Hisonotus oliveirai can be distinguished from all congeners, except Hisonotus insperatus Britski & Garavello, 2003, Hisonotus luteofrenatus and Hisonotus paresi, by having odontodes forming longitudinally aligned rows (one odontode after the other, but not necessarily forming parallel series) on head and trunk, Fig. 2(A), (B) (vs. odontodes not forming longitudinally aligned rows). Additionally, the new species can be distinguished from all congeners except Hisonotus insperatus, Hisonotus luteofrenatus, Hisonotus paresi, and Hisonotus piracanjuba by having a pair of rostral plates at the tip of the snout (vs. a single rostral plate). Moreover, Hisonotus oliveirai can be further distinguished from all congeners except Hisonotus bockmanni, Hisonotus chromodontus, Hisonotus insperatus, Hisonotus luteofrenatus, and Hisonotus paresi by having a functional v-shaped spinelet (vs. spinelet non-functional, square-shaped, or absent). The new species can be distinguished from Hisonotus bockmanni and Hisonotus paresi by lacking contrasting dark geometric spots on the anterodorsal region of the body (vs. presence); from Hisonotus insperatus by having small, inconspicuous odontodes forming rows on the head and trunk (Fig. 2A, B; vs. large, conspicuous odontodes forming rows on the head and the trunk, Fig. 2E, F), a deeper head 51.6−59.2% HL (vs. 44.3−48.7% HL) and higher suborbital depth 20.9−25.5% HL (vs. 16.6−20.1% HL); from Hisonotus luteofrenatus by having a deeper caudal peduncle 10.8−12.5% SL (vs. 8.9−10.2% SL) and shorter snout 46.9−52.2% HL (vs. 67.0−75.3% HL); from Hisonotus paresi by a having deeper head 51.6−59.2% HL (vs. 42.4−47.7% HL), more premaxillary teeth 11−18 (vs. 6−10), and more dentary teeth 11−15 (vs. 4−7); fromHisonotus piracanjuba by having a deeper caudal peduncle 10.8−12.5% SL (vs. 8.3−9.5% SL), and shorter snout 46.9−52.2% HL (vs. 67.7−72.7% HL).

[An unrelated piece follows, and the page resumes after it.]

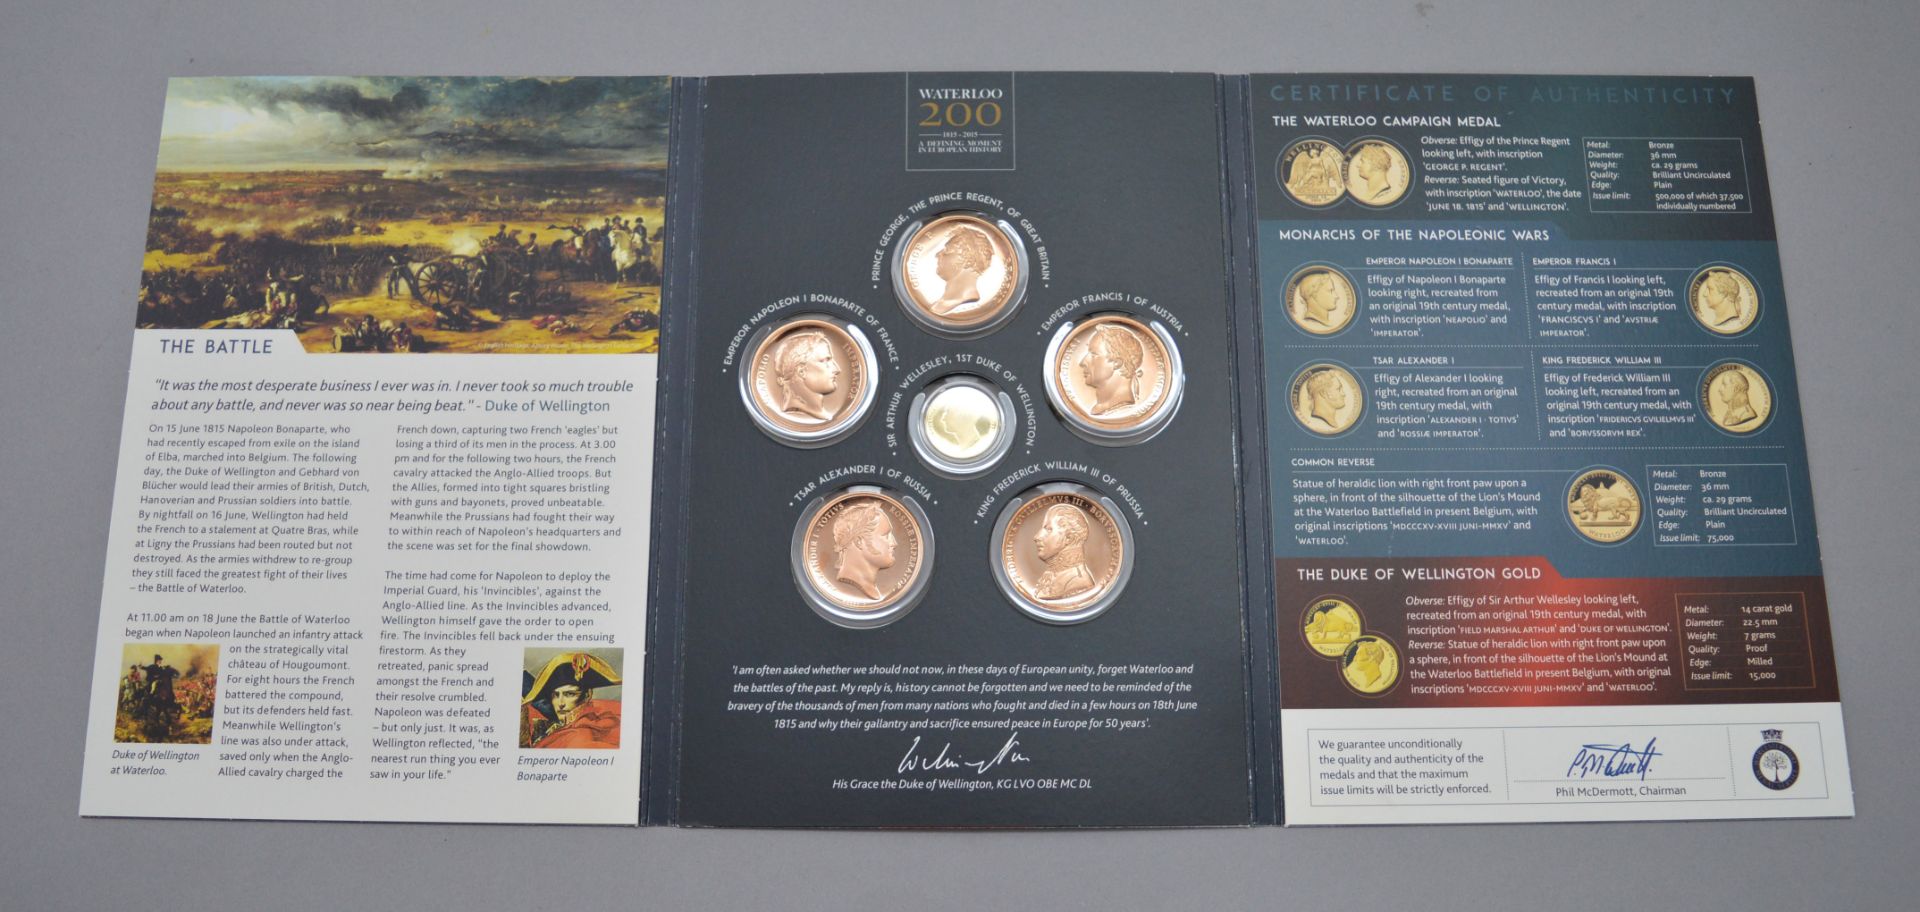 A Waterloo 200 coin set by the Worcestershire Medal Service containing 5 bronze medallions and a

Variation in hypertrophied series of anterolateral (A, C, E) and anterodorsal (B, D, F) odontodes across three species. A Hisonotus oliveirai, paratype, NUP 9839, female, 25.8 mm SL, small odontodes B Hisonotus oliveirai, paratype, NUP 9839, female, 25.8 mm SL, small odontodes C Hisonotus paresi, paratype, NUP 10928, male, 24.2 mm SL, small odontodes D Hisonotus paresi, paratype, NUP 10928, male, 24.2 mm SL, small odontodes E Hisonotus insperatus, LBP 1316, 24.7 mm SL, large and conspicuous odontodes F Hisonotus insperatus, LBP 1316, 24.7 mm SL, large and conspicuous odontodes.

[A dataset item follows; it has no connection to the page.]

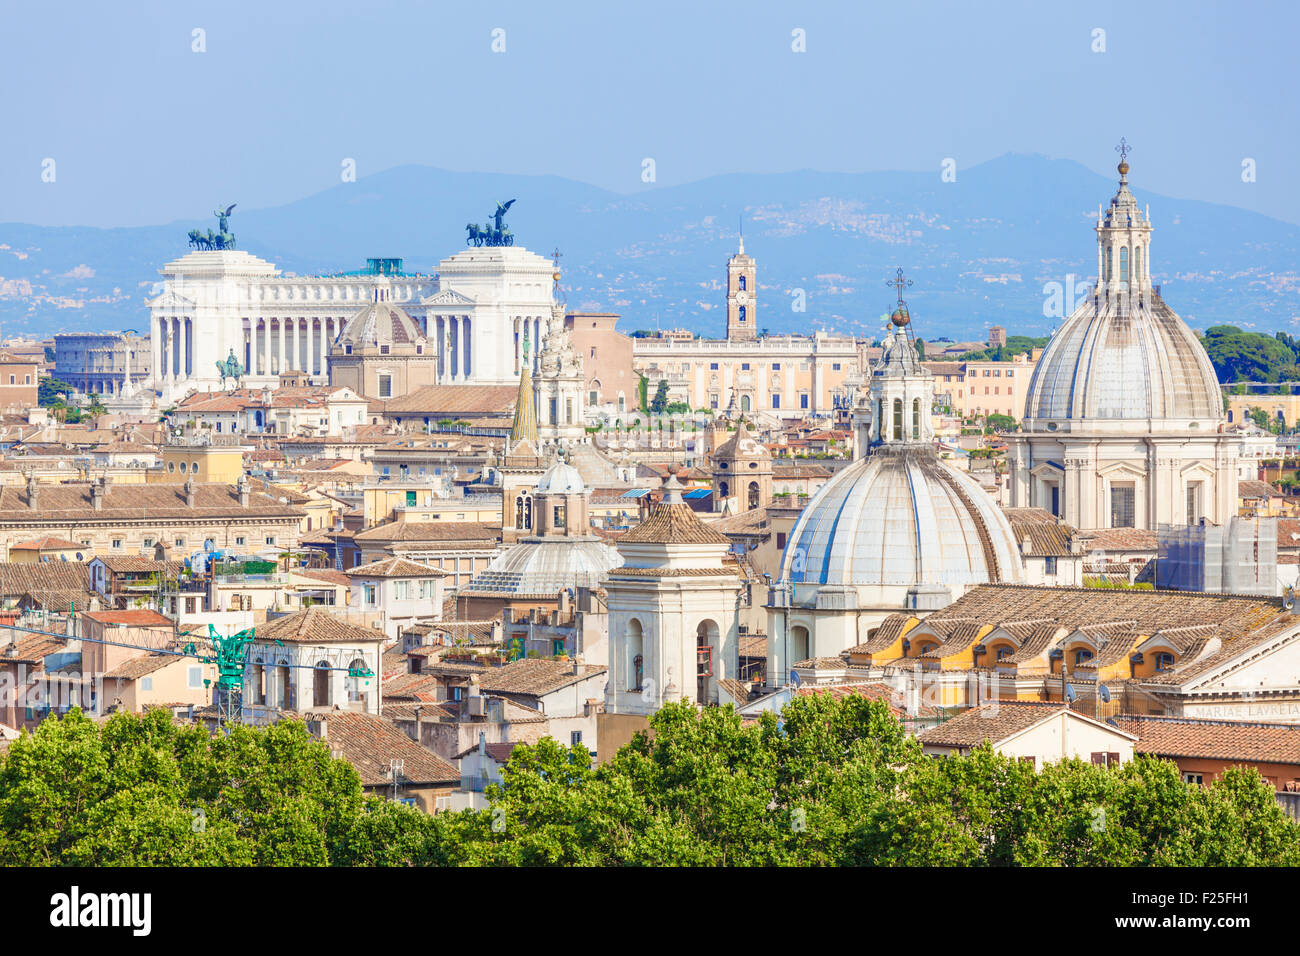 view of churches and domes of the rome skyline showing victor emmanuel II monument in the distance Rome Italy roma EU Europe Stock Photo

Morphometric data presented in Table 1. Maximum body length 28.4 mm SL. Dorsal profile of head slightly convex to straight from upper part of rostrum to posterior margin of nares, convex from eyes to posterior margin of parieto-supraoccipital, and straight to dorsal-fin origin. Dorsal profile of trunk slightly concave and descending from dorsal-fin origin to end of dorsal-fin base, straight to caudal peduncle. Ventral profile strongly concave from snout tip to opercular region; convex from opercular region to anal-fin origin; concave to caudal-fin insertion. Greatest body depth at dorsal-fin origin (18.6−23.9% SL). Greatest body width at opercular region, gradually decreasing towards snout and caudal fin. Cross-section of caudal peduncle almost ellipsoid; rounded laterally and almost flat dorsally and ventrally.

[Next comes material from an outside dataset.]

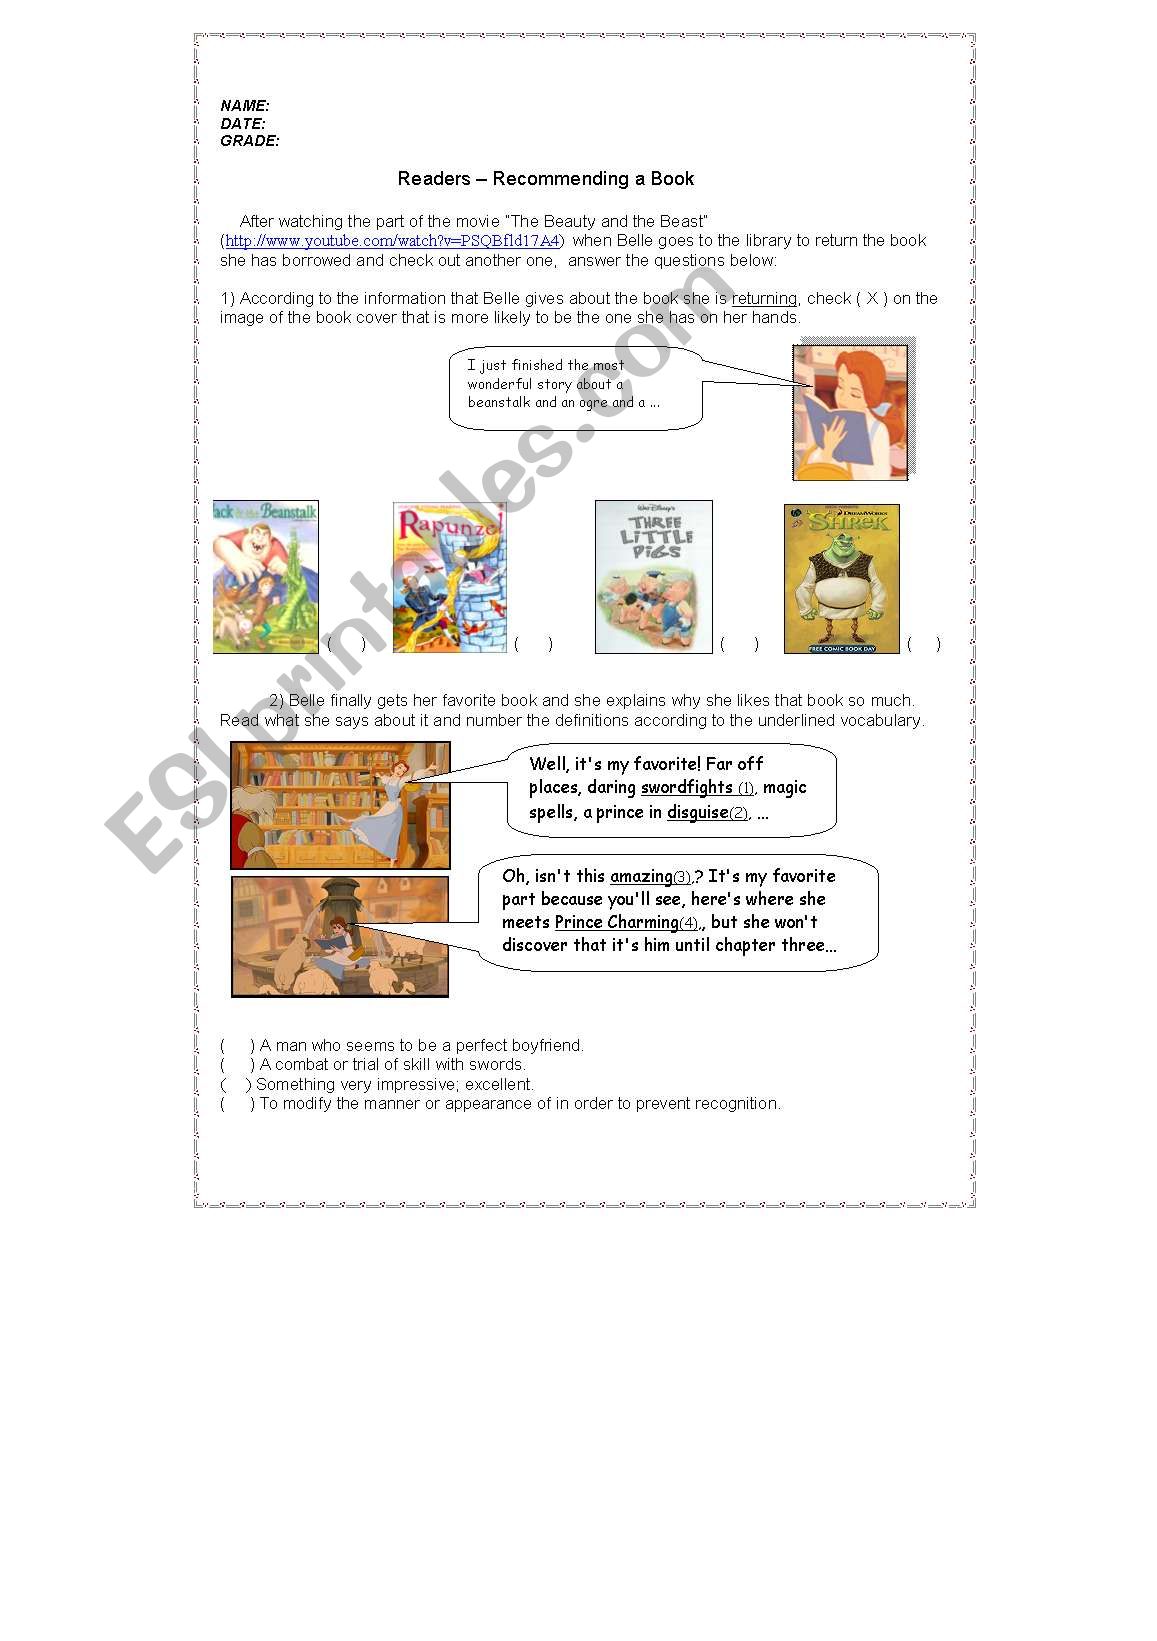 Recommending a Book - Readers worksheet

Head rounded in dorsal view, snout round to slightly pointed. Dorsal and ventral series of odontodes along anterior margin of snout completely covering its tip; odontodes larger than remaining ones on head. Odontodes on head and trunk hypertrophied and arranged in longitudinal rows (most prominent on head). Eyes moderately small (13.9−17.6% in HL), dorsolaterally positioned. Lips roundish with papillae uniformly distributed on base of dentary and premaxilla and slightly decreasing distally. Lower lip larger than upper lip; its border fringed. Maxillary barbel present; joined to lower lip by membrane for half its length. Teeth slender and bicuspid; mesial cusp larger than lateral cusp. Premaxillary teeth 11−18. Dentary teeth 11−15.
Dorsal-fin ii, 7; dorsal-fin spinelet short and V-shaped; dorsal-fin lock functional; dorsal-fin origin slightly posterior to pelvic-fin origin. Tip of adpressed dorsal fin almost reaching end of anal-fin base. Pectoral-fin i, 6; its tip almost reaching middle of pelvic-fin unbranched ray length when depressed. Pectoral axillary slit present between pectoral-fin insertion and lateral process of cleithrum. Pectoral spine supporting odontodes on ventral, anterior and dorsal surfaces. Pelvic-fin i, 5; tip of pelvic-fin longest ray almost reaching anal-fin origin when depressed in females and reaching anal-fin origin in males. Pelvic-fin unbranched ray with dermal flap along its dorsal surface in males. Anal-fin i, 5; its tip reaching 7th or 8th plate from its origin. Caudal-fin i, 14, i; distal margin forked. Adipose-fin absent. Total vertebrae 27.
Body covered with bony plates except above lower lip, around pectoral and pelvic-fin origins and on dorsal-fin base. Cleithrum and coracoid totally exposed. Arrector fossae partially to completely enclosed by ventral lamina of coracoids. Abdomen entirely covered by plates (Fig. 3A); abdomen covered by large, elongate lateral plate series, formed by two lateral rows, approximately of same size; median plates formed by two patterns of plate distributions; first, median plate series not reaching anal shield plates with lateral plate series beginning to contact each other at middle of abdomen; second, median plate series reaching anal shield and lateral plate series remaining separate; anal plates series covered by large square or triangular plates. Body entirely covered laterally by plates (Fig. 3B); mid-dorsal plates poorly developed and reaching middle of dorsal-fin base; median plates series continuous in median portion of body; mid-ventral plates reaching vertical through end of dorsal-fin base.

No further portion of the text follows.